Sunday, July 17, 2016

Desensitized

As we've spent the past 72 hours in the hospital, particularly the CVICU, I'm always reminded of God's faithfulness and peace, and being able to find joy amidst pain and suffering. No, it's not easy, but even in the hardest of times, God still blesses us with sweet little nuggets of light and truth. 

Before we left for Houston, I had the opportunity to catch up with a dear, sweet friend. As a mother, in general, it's tough to find time for adult conversations, but as a  mother to a medically needy child, life just looks different. Friendships are different, community is hard,  church--we are unable to attend, and expectations are constantly being broken and shattered. As I sat and talked to my friend, she made a comment and it was almost a revolutionary thought in my mind. She said that on the outside, Stephen and I make our chaotic life look normal. That to those we don't interact with on a regular basis or those who are outsiders, that it's easier to become desensitized to our situation. It's easily forgotten, when we are home and going through the daily rhythms of life with our sweet family, that some seem to forget the burden and reality that Stephen and I carry around on a daily basis. Our baby is sick. He's considered terminally ill. His heart will never be "fixed," on this side of Earth, and as we celebrate all of our highs, we are faced to push back the fears of the future. How many of "xyz's" do we get to have with Easton? 

Even now, as I'm sitting bedside in the CVICU, consoling my child, it's hard to think that it's easy for people to lose sight that this journey to help give Easton a shot at life, is not just fought in the hospital, it's a daily battle. One that is tiring and exhausting, but it is one filled with joy. God has given us a special little gift (well multiple ones), and He has allowed us to look a life in a new perspective. We know and understand the fragility of life and we embrace each and every day with Easton and each other as a gift. I rarely am consumed by or thoughts about "down the road" because I'm normally focused on getting through and enjoying the day. 

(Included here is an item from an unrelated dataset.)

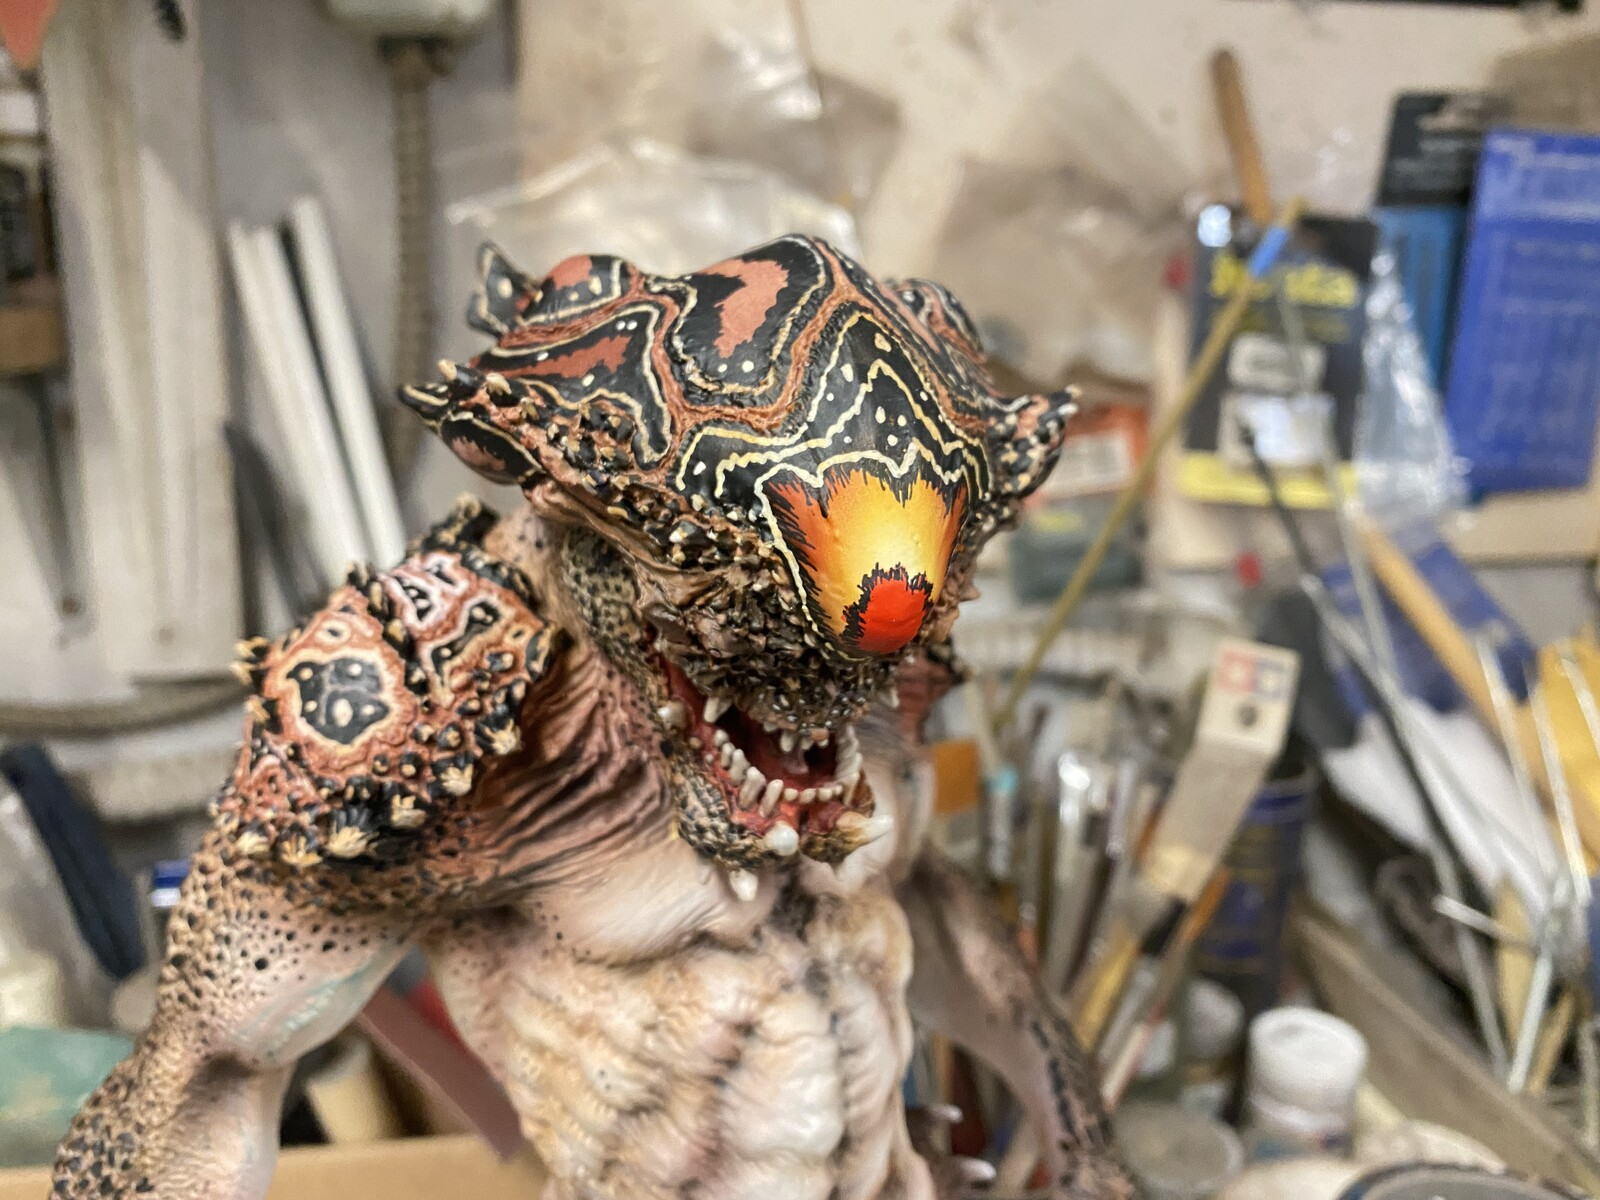 Guyver The Bio-Booster Lisker Art Statue  https://www.solidart.club

After Easton's surgery on Thursday, we got to briefly sit and talk with the surgeon and what he said blew us both away. He said that Easton had made it further than a lot of people thought he would make it!! I mean how cool is it to hear a very talented and distinguished doctor say (not in these words or remotely close but it can be translated) that Easton's life is a testimony of God's goodness and faithfulness. What a sweet nugget of joy to cling to and give praise for--that God has sustained Easton's life using the gifts and talents of doctors, surgeons, and modern medicine. Thinking back to that moment, I think about how Stephen and I painfully waited during his eight hour open heart surgery, including some time on a bypass, and what we got hear afterwards was such a confirmation of how God still provides joy, even in the hardest of seasons. 

As we bear and go through the hardships of life, marriage and raising our family, Stephen and I are very aware of our blessings and thankful that God has given us joy in the midst of pain. We know that this is just a season, and not all seasons last forever, so today, we find hope in that God has given us a nugget of joy to cling to as we help our sweet little man live his life to his absolute fullest.